• Activity
Retype exactly the lines that run from the start of the data to the line holding "15 سلسلة فيديو", including both, and only those.

(Data extracted from a collection)
□ □ □ □ □

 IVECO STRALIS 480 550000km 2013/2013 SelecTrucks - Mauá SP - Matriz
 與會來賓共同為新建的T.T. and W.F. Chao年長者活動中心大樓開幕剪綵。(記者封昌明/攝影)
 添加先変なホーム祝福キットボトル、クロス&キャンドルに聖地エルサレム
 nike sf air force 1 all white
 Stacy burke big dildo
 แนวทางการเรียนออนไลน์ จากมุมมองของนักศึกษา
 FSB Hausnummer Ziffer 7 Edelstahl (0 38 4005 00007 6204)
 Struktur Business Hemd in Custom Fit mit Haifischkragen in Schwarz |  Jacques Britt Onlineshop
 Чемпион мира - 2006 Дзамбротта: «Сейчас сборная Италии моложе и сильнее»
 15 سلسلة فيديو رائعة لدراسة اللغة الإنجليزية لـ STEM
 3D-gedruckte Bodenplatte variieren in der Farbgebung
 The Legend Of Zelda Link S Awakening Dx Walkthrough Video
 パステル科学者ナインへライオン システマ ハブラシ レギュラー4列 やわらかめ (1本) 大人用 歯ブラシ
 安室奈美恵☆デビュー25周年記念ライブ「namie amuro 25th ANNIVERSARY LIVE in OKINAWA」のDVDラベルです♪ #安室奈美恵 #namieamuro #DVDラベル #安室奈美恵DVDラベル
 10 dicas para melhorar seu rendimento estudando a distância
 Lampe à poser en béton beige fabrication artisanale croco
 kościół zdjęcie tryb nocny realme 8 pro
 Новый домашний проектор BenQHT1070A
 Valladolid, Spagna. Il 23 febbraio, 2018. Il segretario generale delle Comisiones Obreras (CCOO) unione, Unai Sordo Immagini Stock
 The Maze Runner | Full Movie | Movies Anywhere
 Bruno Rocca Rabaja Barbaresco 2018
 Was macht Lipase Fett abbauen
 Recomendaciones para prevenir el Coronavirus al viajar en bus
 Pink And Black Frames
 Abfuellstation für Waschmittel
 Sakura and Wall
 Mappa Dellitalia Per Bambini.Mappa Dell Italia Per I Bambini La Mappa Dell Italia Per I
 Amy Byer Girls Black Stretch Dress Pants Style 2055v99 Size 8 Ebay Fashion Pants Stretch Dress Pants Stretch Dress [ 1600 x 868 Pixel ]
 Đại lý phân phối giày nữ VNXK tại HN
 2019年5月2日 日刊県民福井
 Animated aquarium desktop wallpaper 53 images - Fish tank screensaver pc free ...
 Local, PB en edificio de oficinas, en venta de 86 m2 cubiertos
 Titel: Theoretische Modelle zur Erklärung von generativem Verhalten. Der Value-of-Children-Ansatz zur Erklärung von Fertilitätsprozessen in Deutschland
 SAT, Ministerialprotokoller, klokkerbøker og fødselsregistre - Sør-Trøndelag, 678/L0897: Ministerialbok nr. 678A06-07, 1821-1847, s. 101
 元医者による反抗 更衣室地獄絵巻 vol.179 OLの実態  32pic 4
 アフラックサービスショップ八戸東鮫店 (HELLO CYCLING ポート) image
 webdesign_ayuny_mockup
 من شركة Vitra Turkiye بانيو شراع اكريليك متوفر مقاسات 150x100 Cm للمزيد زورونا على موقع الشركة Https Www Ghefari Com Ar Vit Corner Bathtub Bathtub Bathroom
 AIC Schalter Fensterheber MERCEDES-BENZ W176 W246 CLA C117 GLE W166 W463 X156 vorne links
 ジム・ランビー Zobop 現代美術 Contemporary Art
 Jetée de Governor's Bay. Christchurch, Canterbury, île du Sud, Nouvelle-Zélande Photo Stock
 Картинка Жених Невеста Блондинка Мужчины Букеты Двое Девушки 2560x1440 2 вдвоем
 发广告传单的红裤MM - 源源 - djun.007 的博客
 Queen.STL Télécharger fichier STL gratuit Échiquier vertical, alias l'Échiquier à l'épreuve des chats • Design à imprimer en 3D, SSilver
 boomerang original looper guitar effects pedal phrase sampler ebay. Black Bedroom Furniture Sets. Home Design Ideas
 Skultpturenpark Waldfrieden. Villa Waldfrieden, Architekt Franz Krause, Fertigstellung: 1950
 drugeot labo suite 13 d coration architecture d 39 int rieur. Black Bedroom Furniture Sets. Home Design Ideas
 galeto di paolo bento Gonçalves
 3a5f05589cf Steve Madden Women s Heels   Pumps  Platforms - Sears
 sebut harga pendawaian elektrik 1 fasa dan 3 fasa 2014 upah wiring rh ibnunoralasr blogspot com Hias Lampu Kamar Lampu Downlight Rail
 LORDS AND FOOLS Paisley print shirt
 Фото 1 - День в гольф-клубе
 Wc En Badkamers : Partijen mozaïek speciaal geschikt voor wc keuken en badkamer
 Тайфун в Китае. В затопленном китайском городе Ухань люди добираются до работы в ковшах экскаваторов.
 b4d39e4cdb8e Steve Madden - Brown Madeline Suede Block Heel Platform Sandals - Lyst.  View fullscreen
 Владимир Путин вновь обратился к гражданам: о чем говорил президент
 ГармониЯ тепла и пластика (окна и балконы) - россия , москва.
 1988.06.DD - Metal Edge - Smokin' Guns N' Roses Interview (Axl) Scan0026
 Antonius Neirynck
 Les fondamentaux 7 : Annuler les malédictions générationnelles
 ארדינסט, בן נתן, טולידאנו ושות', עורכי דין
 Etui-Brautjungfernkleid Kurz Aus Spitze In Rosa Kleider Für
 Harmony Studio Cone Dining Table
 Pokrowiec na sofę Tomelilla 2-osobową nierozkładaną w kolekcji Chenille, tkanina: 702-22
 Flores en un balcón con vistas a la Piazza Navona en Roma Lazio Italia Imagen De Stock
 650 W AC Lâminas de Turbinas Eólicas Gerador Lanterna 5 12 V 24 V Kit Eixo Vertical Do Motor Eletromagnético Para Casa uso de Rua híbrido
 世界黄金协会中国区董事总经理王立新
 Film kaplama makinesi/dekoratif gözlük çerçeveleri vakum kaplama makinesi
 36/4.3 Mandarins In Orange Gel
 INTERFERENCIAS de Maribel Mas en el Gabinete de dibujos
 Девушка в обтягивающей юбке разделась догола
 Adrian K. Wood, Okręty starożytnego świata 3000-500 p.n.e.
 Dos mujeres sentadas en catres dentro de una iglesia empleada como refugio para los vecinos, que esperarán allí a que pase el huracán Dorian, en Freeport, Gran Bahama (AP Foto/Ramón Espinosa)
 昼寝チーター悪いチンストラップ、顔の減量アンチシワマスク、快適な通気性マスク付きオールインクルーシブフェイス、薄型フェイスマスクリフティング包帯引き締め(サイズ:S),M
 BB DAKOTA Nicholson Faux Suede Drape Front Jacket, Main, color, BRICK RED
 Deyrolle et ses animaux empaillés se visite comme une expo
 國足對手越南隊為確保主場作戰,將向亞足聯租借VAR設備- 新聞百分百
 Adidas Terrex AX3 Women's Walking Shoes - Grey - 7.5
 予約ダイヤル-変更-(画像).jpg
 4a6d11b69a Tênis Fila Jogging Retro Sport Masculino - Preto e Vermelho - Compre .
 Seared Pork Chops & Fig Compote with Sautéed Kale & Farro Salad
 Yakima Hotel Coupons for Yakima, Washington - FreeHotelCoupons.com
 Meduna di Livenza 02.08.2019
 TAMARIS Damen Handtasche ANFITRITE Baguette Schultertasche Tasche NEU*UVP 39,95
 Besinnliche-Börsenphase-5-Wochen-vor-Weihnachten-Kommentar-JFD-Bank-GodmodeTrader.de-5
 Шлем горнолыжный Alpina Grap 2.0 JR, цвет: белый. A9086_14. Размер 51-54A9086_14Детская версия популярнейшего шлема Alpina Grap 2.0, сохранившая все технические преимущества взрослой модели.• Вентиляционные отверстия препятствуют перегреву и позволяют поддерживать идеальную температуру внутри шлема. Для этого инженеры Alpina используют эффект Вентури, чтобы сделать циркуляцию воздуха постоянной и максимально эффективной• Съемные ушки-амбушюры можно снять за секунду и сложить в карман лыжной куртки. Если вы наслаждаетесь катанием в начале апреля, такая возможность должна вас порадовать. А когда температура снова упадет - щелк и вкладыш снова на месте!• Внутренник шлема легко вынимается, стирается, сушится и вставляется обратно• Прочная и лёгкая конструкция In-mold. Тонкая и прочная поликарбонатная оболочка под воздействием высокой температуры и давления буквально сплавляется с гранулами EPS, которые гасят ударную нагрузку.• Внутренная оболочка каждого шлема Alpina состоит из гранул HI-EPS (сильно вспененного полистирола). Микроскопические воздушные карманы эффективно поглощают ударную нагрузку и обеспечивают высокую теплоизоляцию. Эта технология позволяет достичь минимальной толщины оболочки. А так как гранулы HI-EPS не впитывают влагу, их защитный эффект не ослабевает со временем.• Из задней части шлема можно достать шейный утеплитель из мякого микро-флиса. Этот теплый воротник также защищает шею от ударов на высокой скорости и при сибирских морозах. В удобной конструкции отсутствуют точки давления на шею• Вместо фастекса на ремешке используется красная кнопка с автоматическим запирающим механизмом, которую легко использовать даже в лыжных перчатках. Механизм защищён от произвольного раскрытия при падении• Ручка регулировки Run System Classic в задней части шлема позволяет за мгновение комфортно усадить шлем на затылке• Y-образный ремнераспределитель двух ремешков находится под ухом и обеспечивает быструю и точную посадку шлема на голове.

□ □ □ □ □

• Output of the exercise
 IVECO STRALIS 480 550000km 2013/2013 SelecTrucks - Mauá SP - Matriz
 與會來賓共同為新建的T.T. and W.F. Chao年長者活動中心大樓開幕剪綵。(記者封昌明/攝影)
 添加先変なホーム祝福キットボトル、クロス&キャンドルに聖地エルサレム
 nike sf air force 1 all white
 Stacy burke big dildo
 แนวทางการเรียนออนไลน์ จากมุมมองของนักศึกษา
 FSB Hausnummer Ziffer 7 Edelstahl (0 38 4005 00007 6204)
 Struktur Business Hemd in Custom Fit mit Haifischkragen in Schwarz |  Jacques Britt Onlineshop
 Чемпион мира - 2006 Дзамбротта: «Сейчас сборная Италии моложе и сильнее»
 15 سلسلة فيديو رائعة لدراسة اللغة الإنجليزية لـ STEM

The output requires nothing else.